▶ **RECORD EXTRACTS**

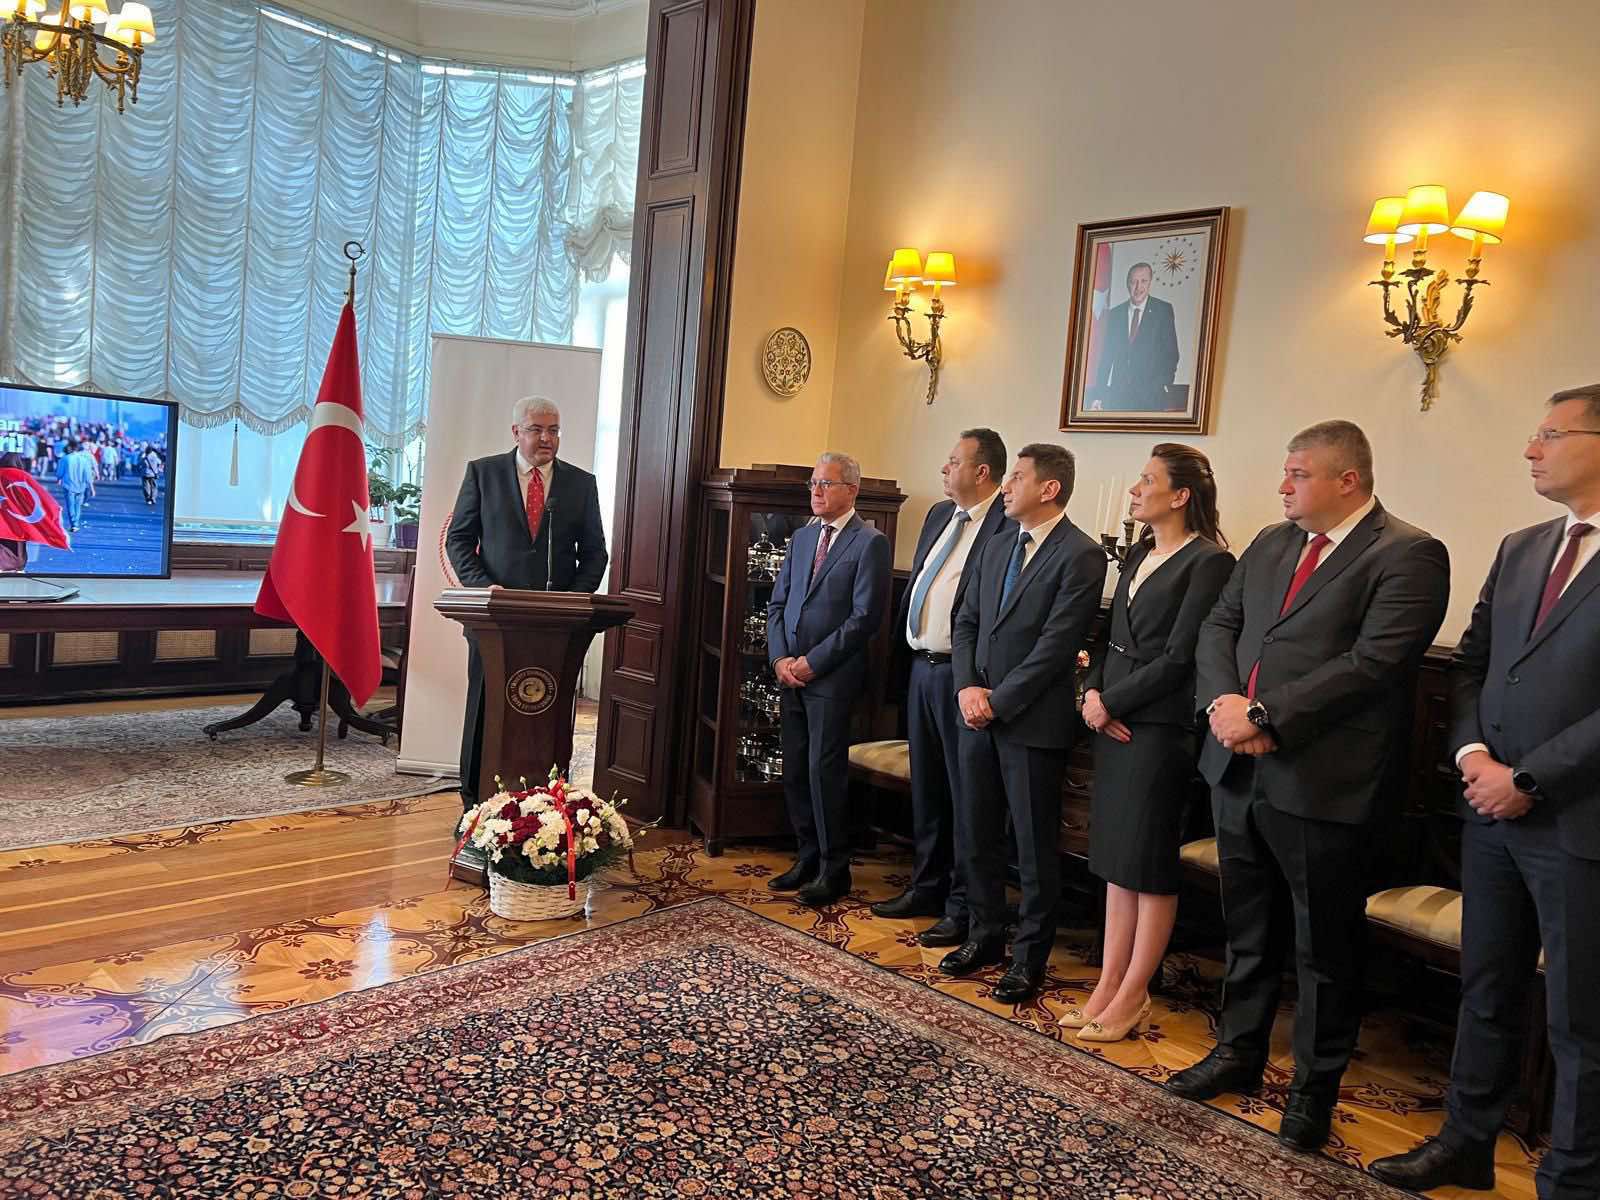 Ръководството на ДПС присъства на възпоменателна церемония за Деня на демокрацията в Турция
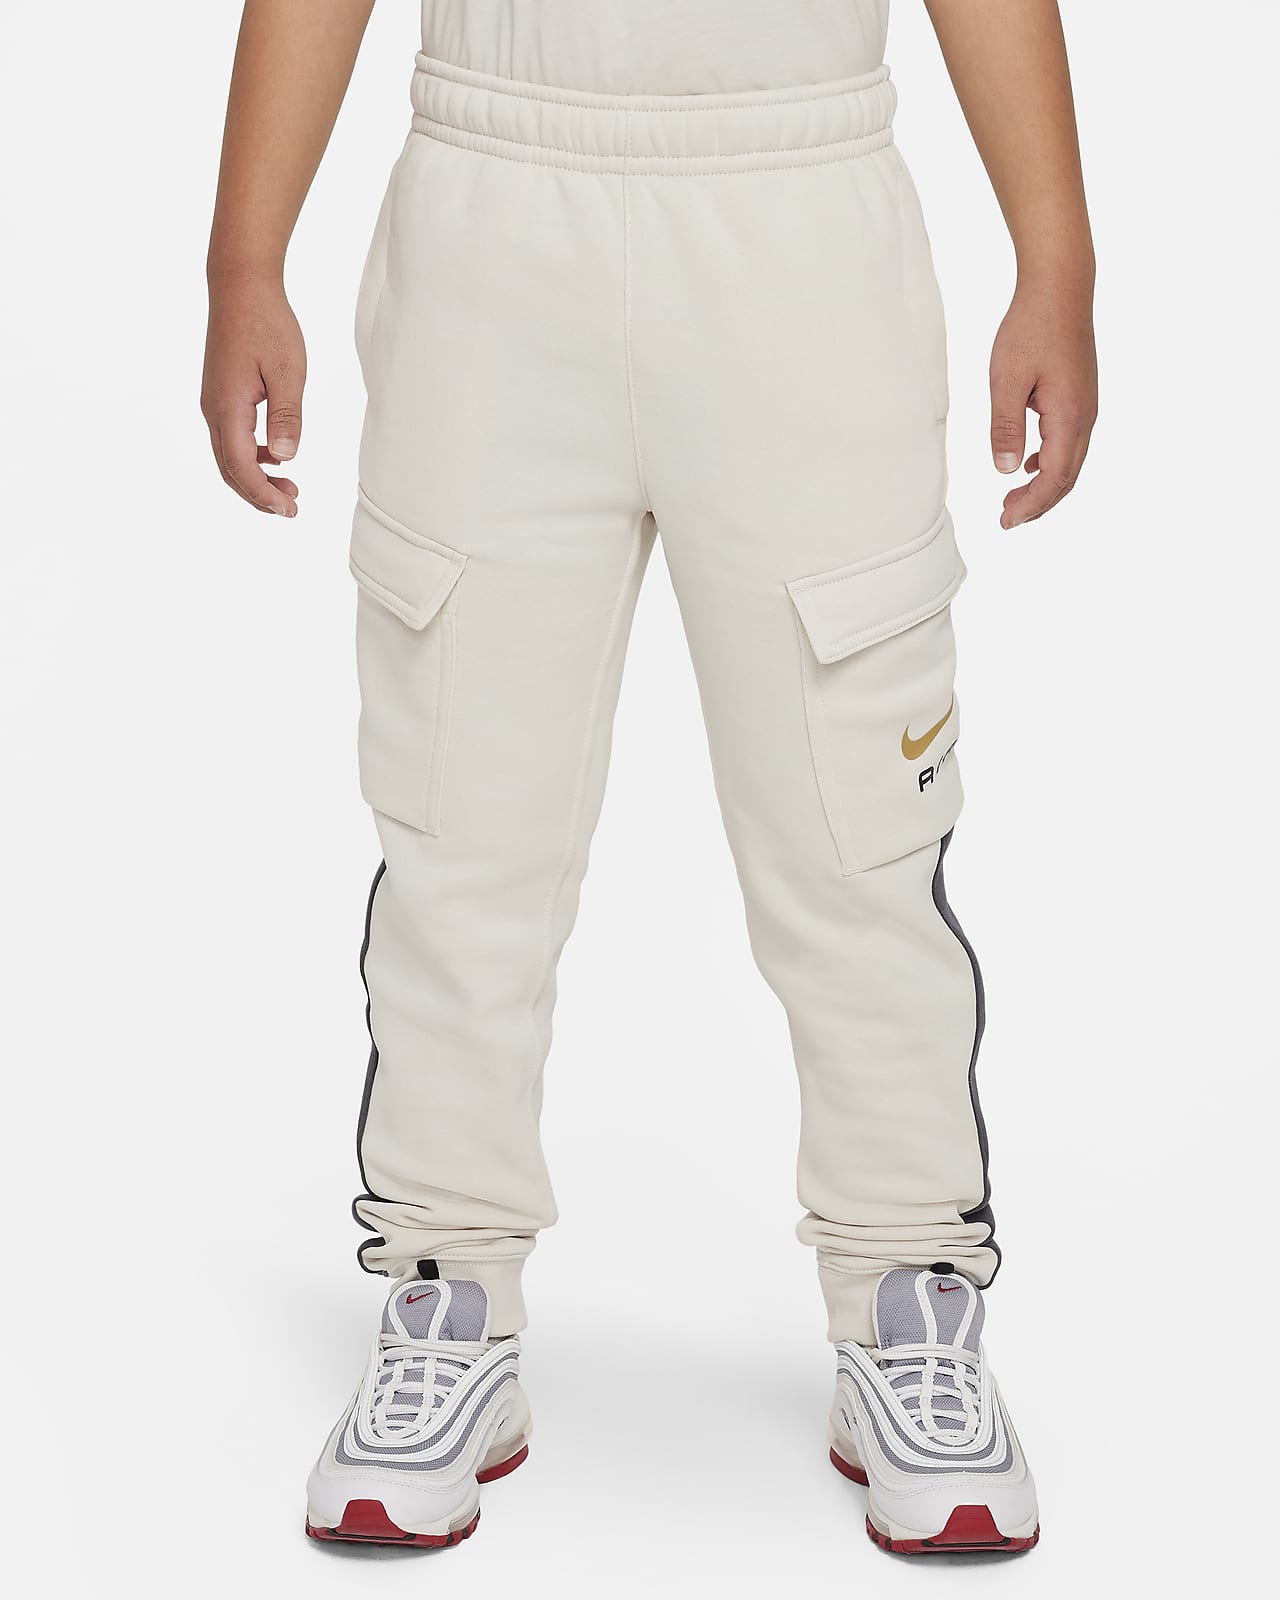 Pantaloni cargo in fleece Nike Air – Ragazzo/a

==

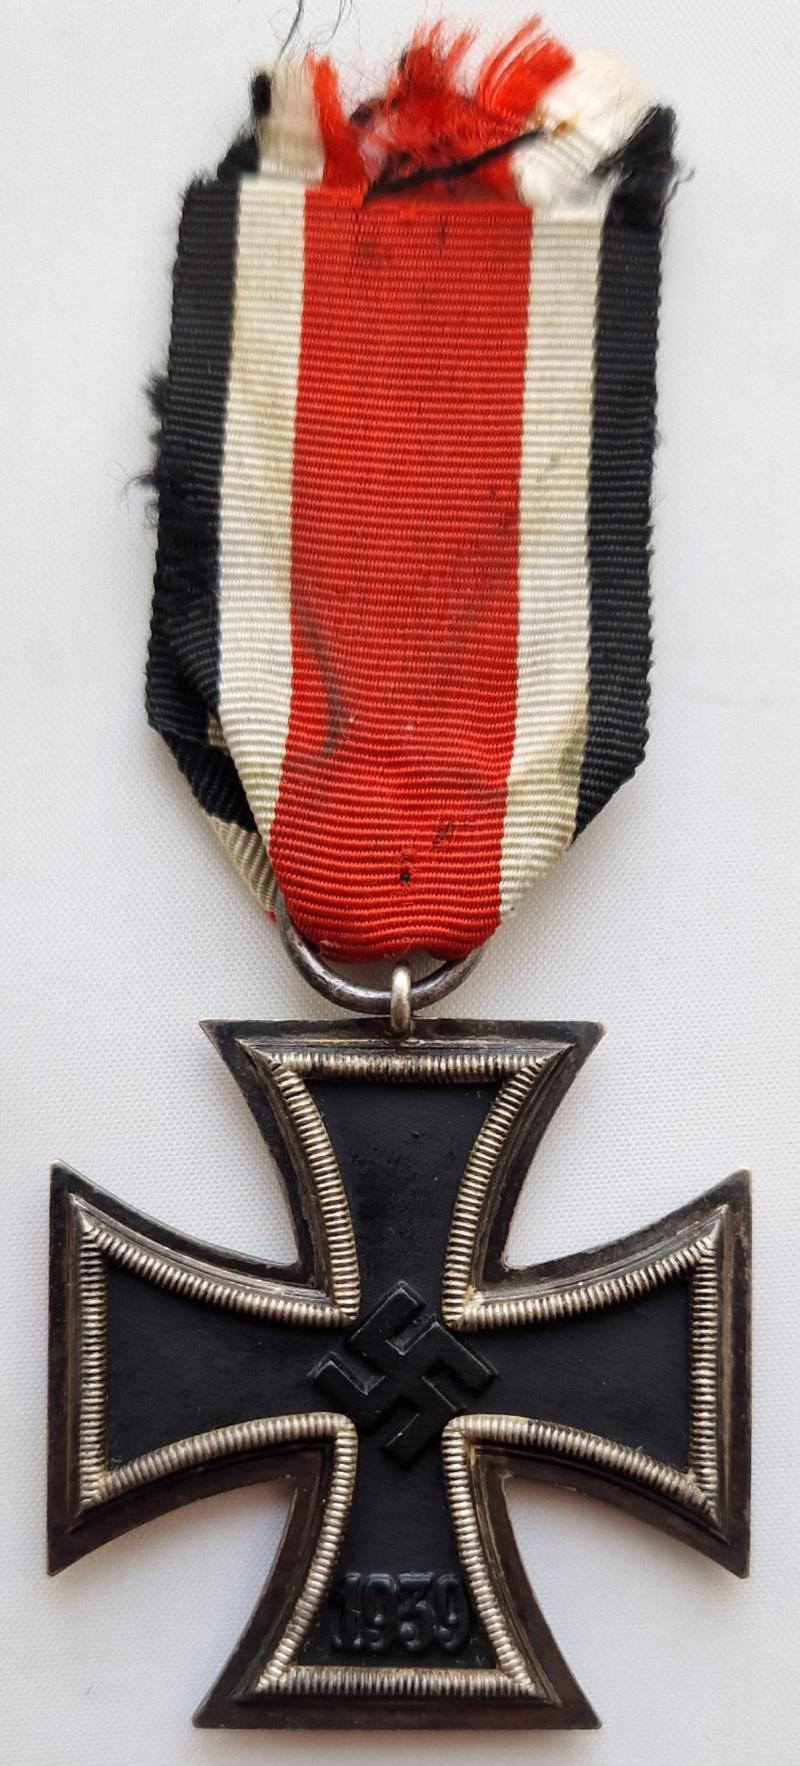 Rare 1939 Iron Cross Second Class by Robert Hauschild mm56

▶ **PROBLEM TO SOLVE**
An exact copy is needed of the stretch above that opens with the line containing "Ръководството на ДПС" and closes with the line containing "Pantaloni cargo in"; the pictures are not part of it.

▶ **RESPONSE AREA**
 Ръководството на ДПС присъства на възпоменателна церемония за Деня на демокрацията в Турция
 Pantaloni cargo in fleece Nike Air – Ragazzo/a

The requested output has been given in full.